Something I don't understand, if the data stream is only valid as portrait, what's the point in having the orientation config register? Indeed, the presence of the orientation register implies to me that the data stream can be valid in landscape.
Feeding a landscape data stream to the screen when the register is set to portrait ends up looking very broken as below (as I would expect):
Whereas switching the register to landscape the same data feed renders like this (complete with the diagonal glitch that we're talking about):
This makes it seem to me like the display thinks it can support a landscape data stream, but actually is not able to do so properly, causing the diagonal line.
2024-05-06 08:51 AM
As you can see is portrait native
but with GRAM, then config can handle this display too as landscape... I wrote for example , then exist displays that only support native configs. In your config with DISCO you must have other mistake with diagonal trouble.
2024-05-06 12:56 PM
I think I understand now. All of the photos and videos above are in video mode, so GRAM is not in use. Let me just confirm what you're saying:
Is that all correct?
2024-05-06 10:44 PM
Video mode not equal GRAM not used, then your all phrases miss. Video mode is only next method of many how fill GRAM. My tip for your trouble is bad timing setup for LTDC and DSI porch system.
2024-05-07 02:32 AM
OK thank you - unfortunately then I think we're back to square one.

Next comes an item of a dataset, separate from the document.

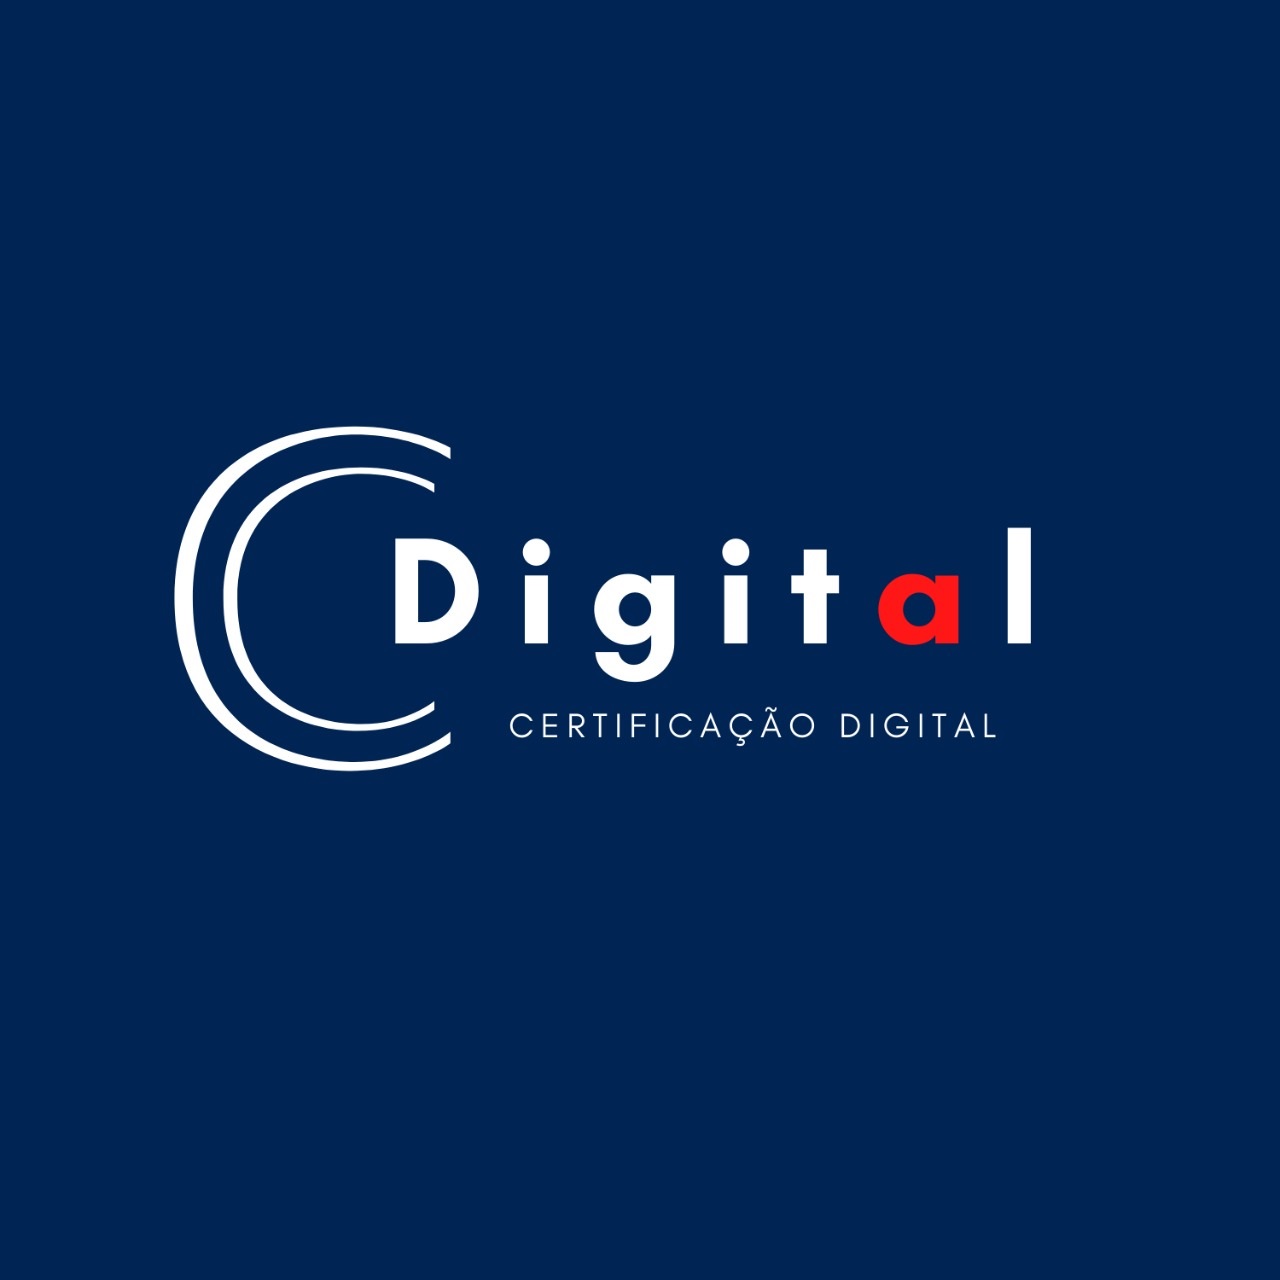 Logotipo do parceiro AR Cdigital &#8211; OAB &#8211; 15%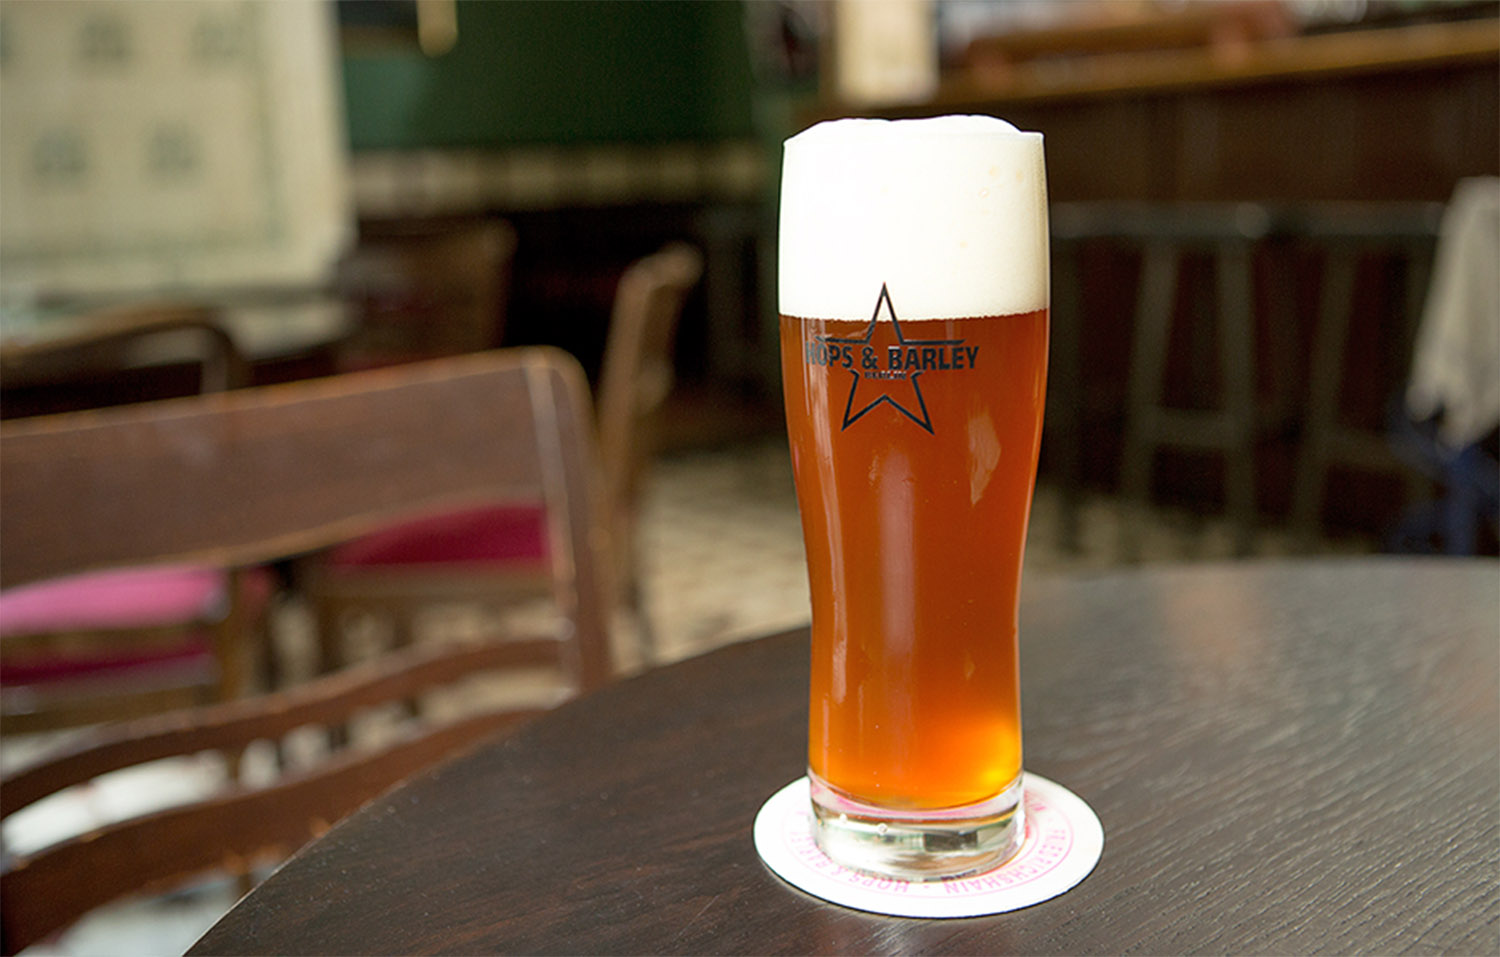 Hops & Barley ist eine gute Bar in Friedrichshain mit selbstgebrautem Bier. Foto: Marco Baass

The issues with the diagonal are present on the examples direct from ST, it's not something I/we have introduced. There are several years worth of people talking about this issue on and off and there has never been any conclusive solution. I myself have already played with the timing of the LTDC and DSI quite a bit and it hasn't fixed anything. As @Alekseus has said, that really only leaves a fault/lack of support or incompatibility of the display with the STM peripherals.